There were three different short term in vitro tests performed on fluoride and all these tests proved fluoride to be mutagenic. An Ames test was performed and reported to be negative. Bruce Ames, in a letter to Arthur Upton introduced in the Congressional Record, stated that his test system was inappropriate for fluoride testing based on a number of technical considerations. EPA's own guidelines require that in vitro tests be taken into consideration when found positive. In this case, the mutagenicity of fluoride supports the conclusion that fluoride is a probable human carcinogen. [emphasis added]

Melvin Reuber, M.D, a board certified pathologist and former consultant to EPA and part time EPA employee, reviewed some of pathology slides and the Battelle report. Dr. Reuber has had his pathologic diagnoses questioned several times in the past. When an independent board together with Dr. Reuber went over the Slides his opinion was always upheld. He first published the work that identified hepatocholangiocarcinoma as a pathologic entity. The report changed Battelle's board certified veterinary pathologists diagnoses from hepatocholangiocarcinoma to hepatoblastoma and finally to hepatocarcinoma. Dr. Reuber reviewed the pathology slides and stated that these lesions are indeed hepatocholangiocarcinoma. Because Dr. Reuber first identified and published his findings on this tumor, I trust his opinion in this matter. These tumors are extremely rare. Dr. Reuber's diagnoses would make the liver cancers significant because of their rarity.

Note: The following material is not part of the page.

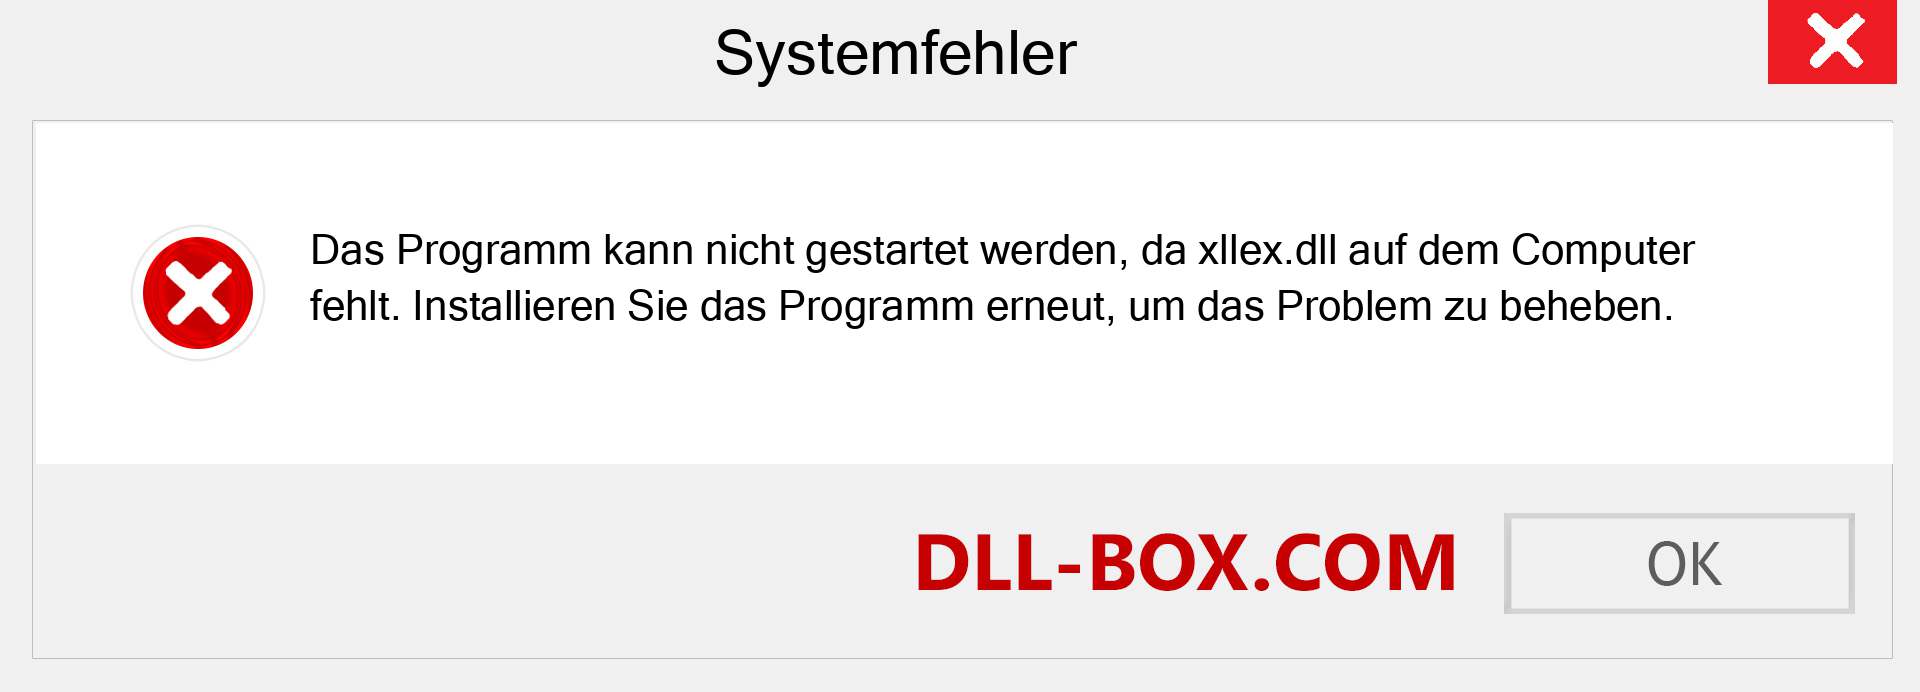 xllex.dll-Datei fehlt?. Download für Windows 7, 8, 10 - Fix xllex dll Missing Error unter Windows, Fotos, Bildern
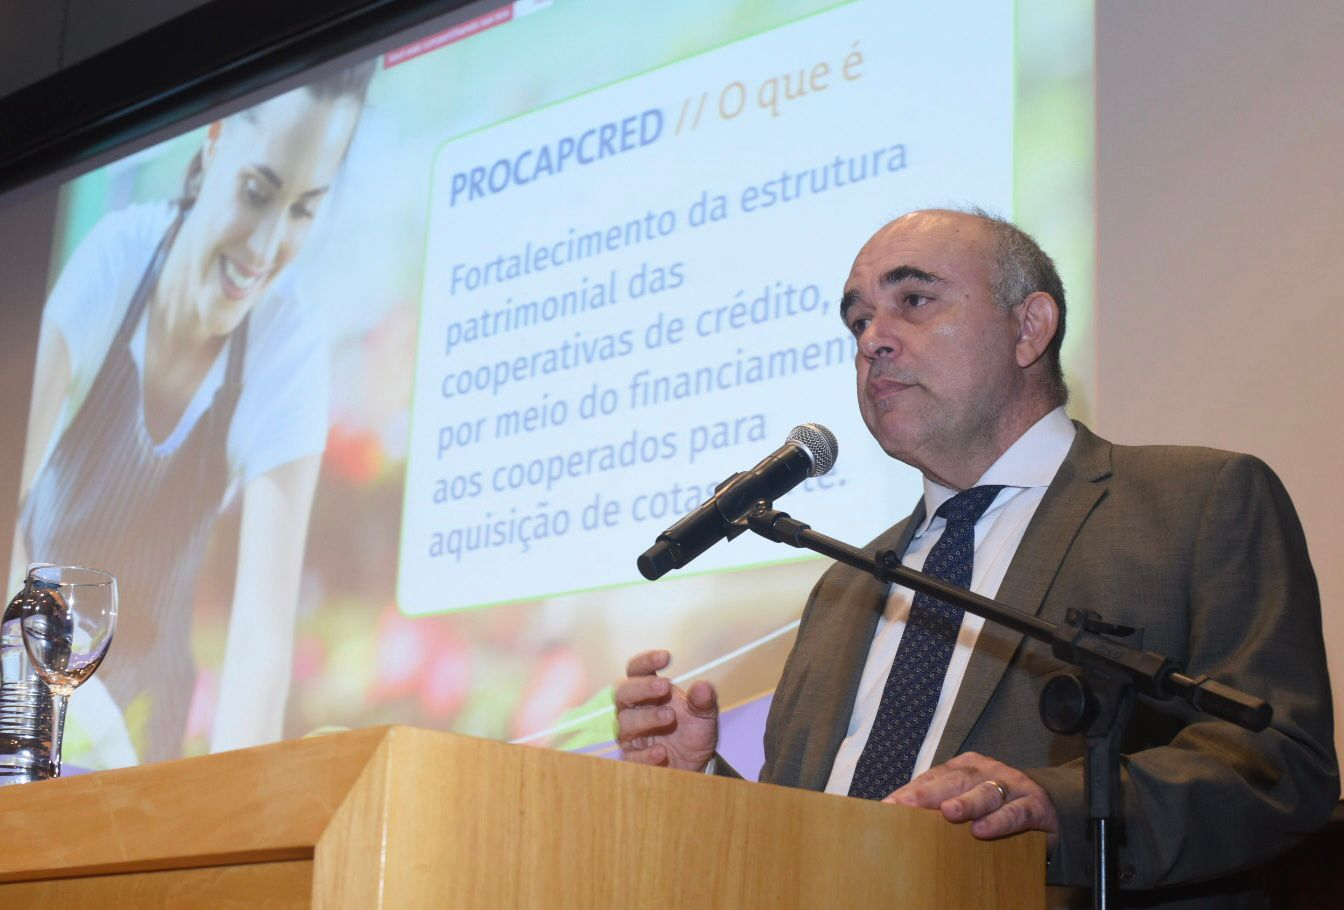 Alexandre Abreu, diretor financeiro do BNDES, anuncia mudanças no Procapcred

This changes the equivocal finding of the board to at least some evidence or clear evidence of carcinogenicity. In addition, the oral changes in the report were down-graded from dysplasia and metaplasia to degeneration. Dr. Reuber said that this. change should also be reviewed. The report also down-graded adrenal pheochromocytomas and tumors to hyperplasia. This needs to be reviewed by an independent board. The other liver carcinomas were down-graded to foci by artificially defining a need for 75% compression in the tumor before it was no longer a foci. Using this changed definition carcinomas were down-graded to adenomas and adenomas downgraded to eosinophilic foci. In almost all instances, the Battelle board certified pathologists' findings were down-graded. It is my suggestion that a board independent of NIEHS should be assembled by ODW consisting of human pathologists (for their experience in diagnosing osteosarcoma), the Battelle pathologist (to defend his original diagnoses), Dr. Melvin Reuber, Dr. Thomas Squires and two other well known independent board-certified animal pathologists. The charge to this board is to meet as a body, review the slides, agree on a pathologic diagnoses and prepare a report to be submitted to ODW for incorporation in our docket for the fluoride regulation. [emphasis added]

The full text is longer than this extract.